Saturday, September 15, 2007

Not to Crowle yet

We set out this morning to go to Crowle. We are fated not to go to Crowle as yet.
Both of us woke up early - around six - and we finished up getting up not much later. It takes virtually three hours to get ourselves sorted out in the morning when we’re tenting. Three different locations in two tents in four days. Certainly the new tent allowed us to stand upright - a great joy for homo erectus - and after we’d had tea, we sat inside and read - or blogged, as in my case.
The site was quieter than the one the night before, but there was still an ongoing motor cavalcade hum going on in our left ears.
Anyway, we began heading towards Crowle, and found that the Sat Nav seemed to be taking us in a rather long way round route, which required us to go towards Birmingham, virtually, before we went south again. The day wasn’t that exciting in terms of the weather, and we read on one of the electronic road signs that there was some blockage with long queues on the road we were about to take, and I was feeling too tired to cope with dragging through snail-pace traffic - and I think Celia was too.
In the end, since we were heading towards Lichfield (where we were booked in for tonight and tomorrow in a hotel) anyway, we decided to have a day that didn’t consist of driving. Instead we went straight onto Lichfield, found a parking building, and wandered around the town.
The weather gradually improved, and we checked out the usual places: charity shops, secondhand bookshops, and so on, and visited the Samuel Johnson museum. Had a pub lunch, and headed on towards the Cathedral. (Which had its spire toppled by the Roundheads).

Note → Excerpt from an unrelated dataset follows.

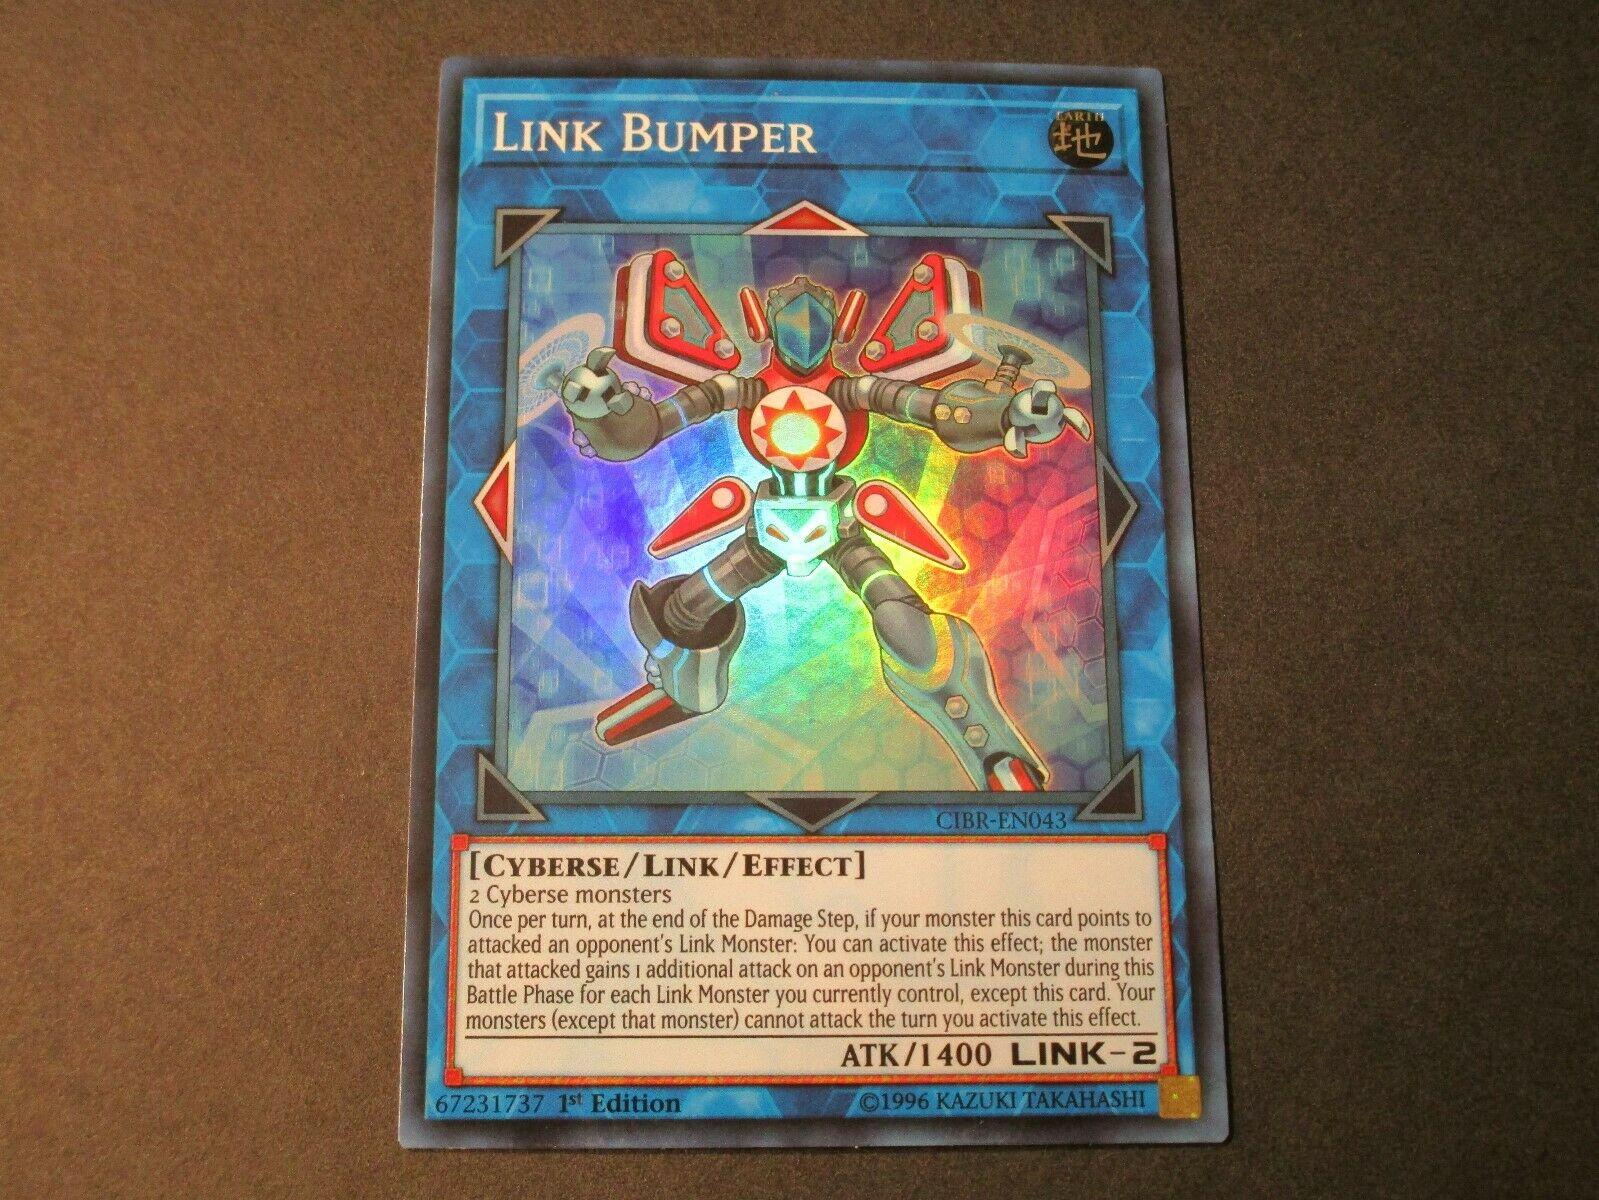 Link Bumper x3 Super Rare CIBR-EN043 MINT 1st Edition!

The Cathedral entrance is just extraordinary: dozens of statues of saints and kings, many of them lifesize, fitted into the face of the building. And there are dozens more inside. At first the place struck me as being overly militaristic in its trappings, with a lot of memorials dedicated to people who died in various wars, but it improved as we went on. And we discovered that Bishop Selwyn has his resting place there. He has a great deal to do with New Zealand, so that was a bonus. As was meeting a New Zealander at the door - he was welcoming people as they came in. Both Celia and I felt we knew him, once he started talking about himself a bit, but he didn’t seem to know us. I knew his mother, however: she’s the Anglican minister in Stewart Island.
(It’s been a strange thing that we haven’t met anyone we know from New Zealand since we’ve been here: usually NZeders are thick on the ground.)
The stained-glass window around the main altar is dazzling, full of wonderful colours. Much of it was rescued from a convent on the Continent, bought for £200 and sold to the cathedral for the same amount. The glass was then restored into its new location.
Finally we found our hotel where I’m blogging and Celia’s snoozing. She was tired.